April 5, 2009

Mumia Abu-Jamal's 27 years on Death Row for a murder he did not commit would have turned almost anyone else into an embittered, defeated man. Instead, he has remained what he always was, "the voice of the voiceless," as he demonstrates yet again in his most recent book, Jailhouse Lawyers: Prisoners Defending Prisoners v. the U.S.A. (City Lights Books, 2009.)
by J. Patrick O'Connor
Through hundreds of essays, radio commentaries and now six well-written, meticulously researched books, he has defied the walls that encase him to speak out against oppression. His voice his heard weekly throughout the United States on Pacifica Radio and his writings are read and admired throughout much of the world. From the bowels of Death Row, where 3,600 others languish in the United States, Abu-Jamal presses on for justice, day after day, year after year.

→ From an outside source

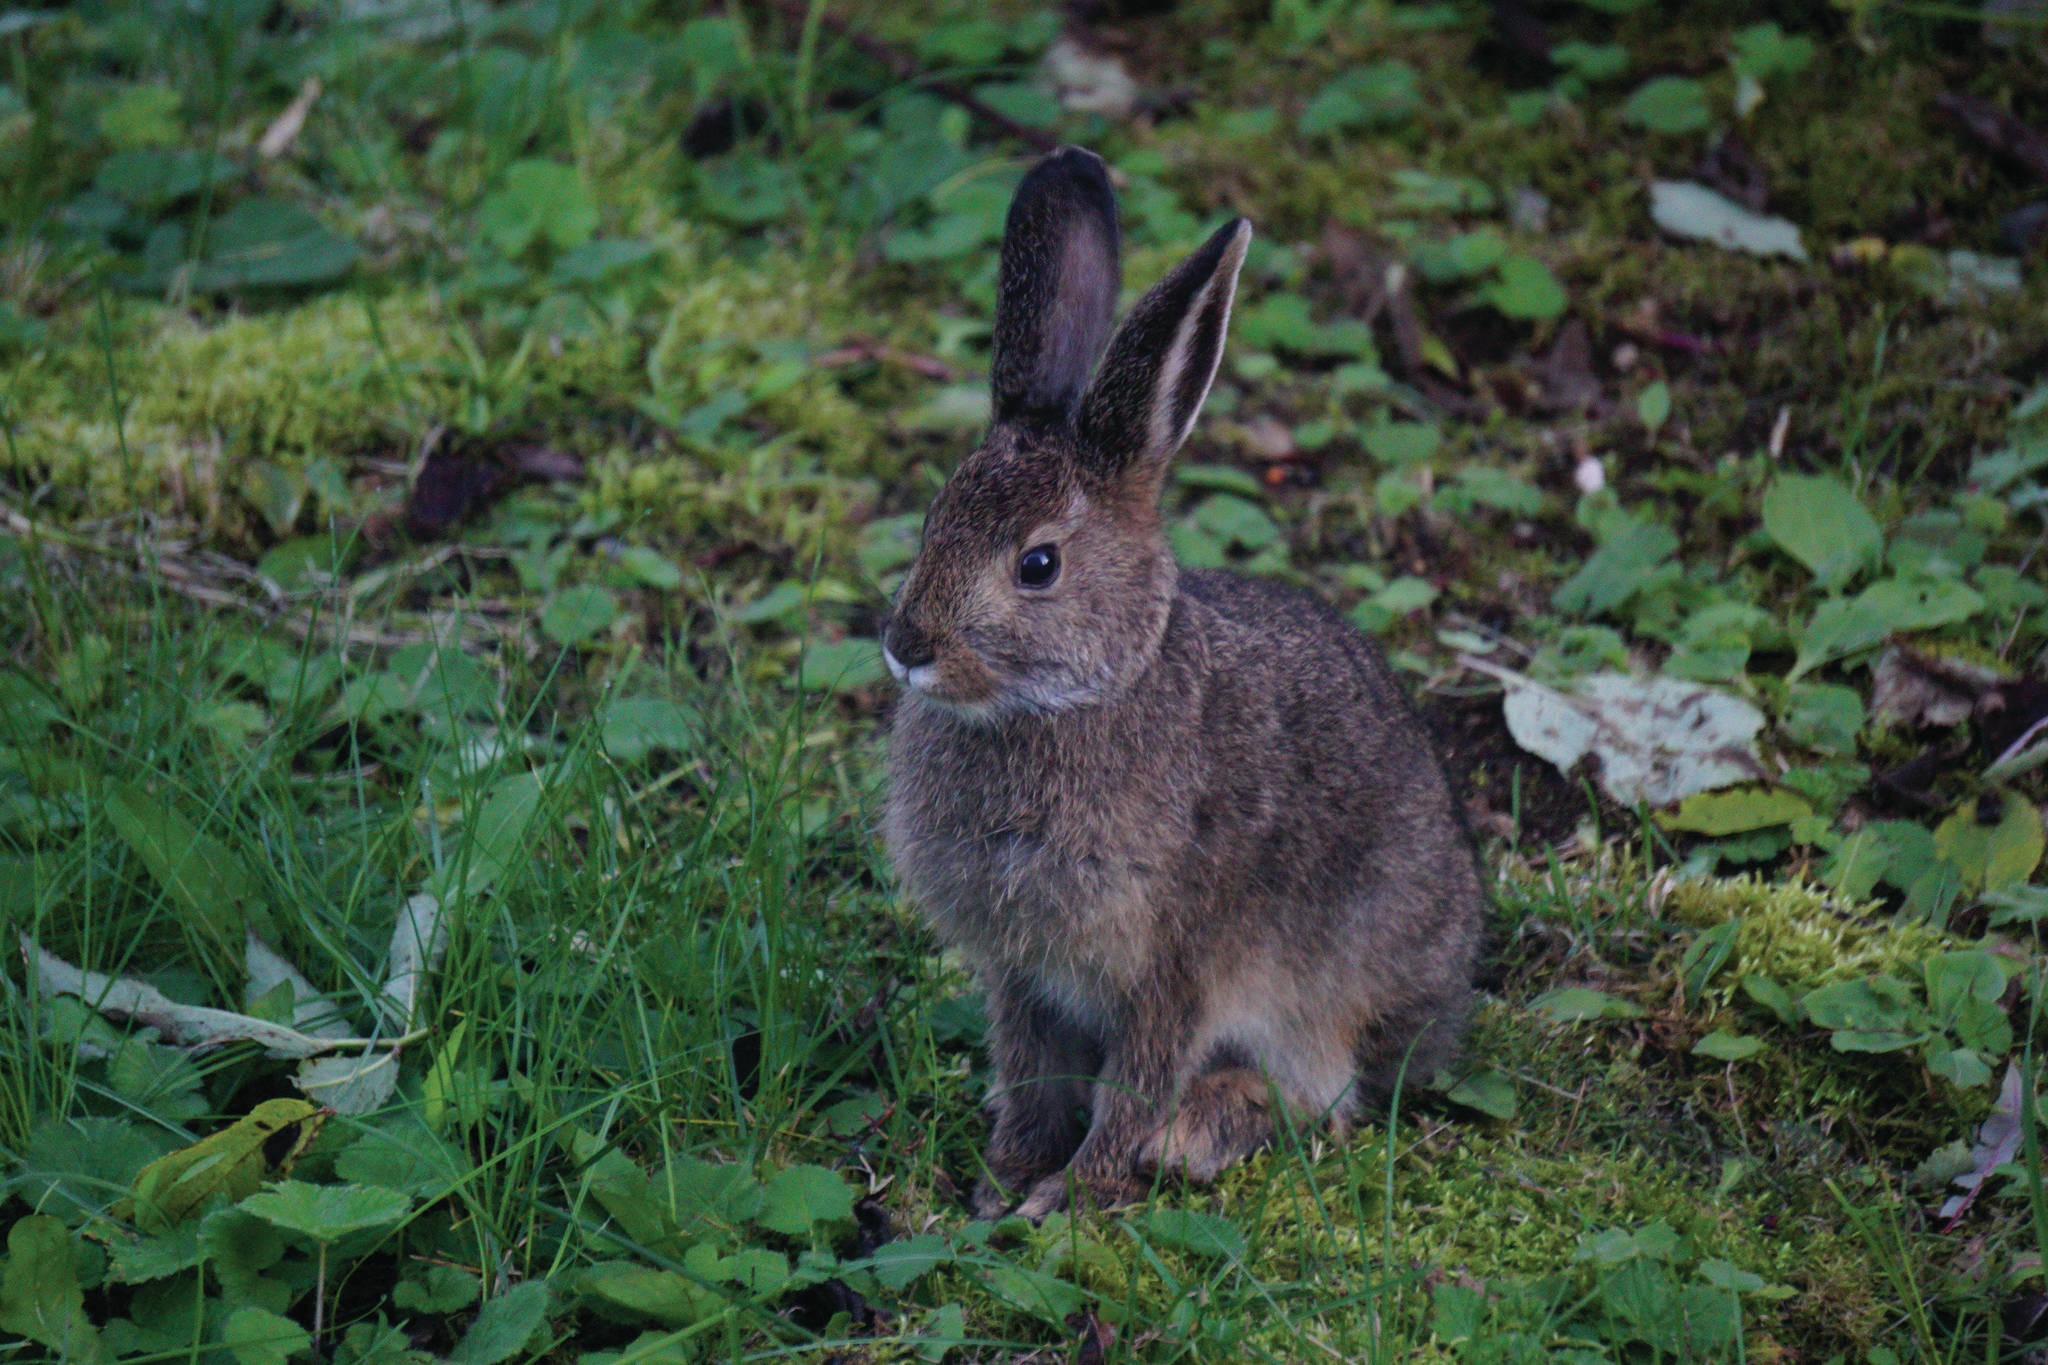 A snowshoe hare forages on Friday. Sept. 4, 2020, on Diamond Ridge near Homer, Alaska. The hare is still in its summer coat, but will turn white for the winter. (Photo by Michael Armstrong/Homer News)

Jailhouse Lawyers: Prisoners Defending Prisoners v. the U.S.A. opens a tightly shut door into the operations of the U.S. penal system by chronicling the exploits of dozens of jailhouse lawyers – both men and women – who have fought the injustices the courts and the prisons have dealt them and their fellow prisoners. Their accomplishments, against all odds, have been incredible. Their story is a story never before told.
For the vast majority of the 2.3 million prisoners in the United States and for Abu-Jamal himself, the overriding, inescapable reality about the U.S. justice system is that the law is only what a judge says it is.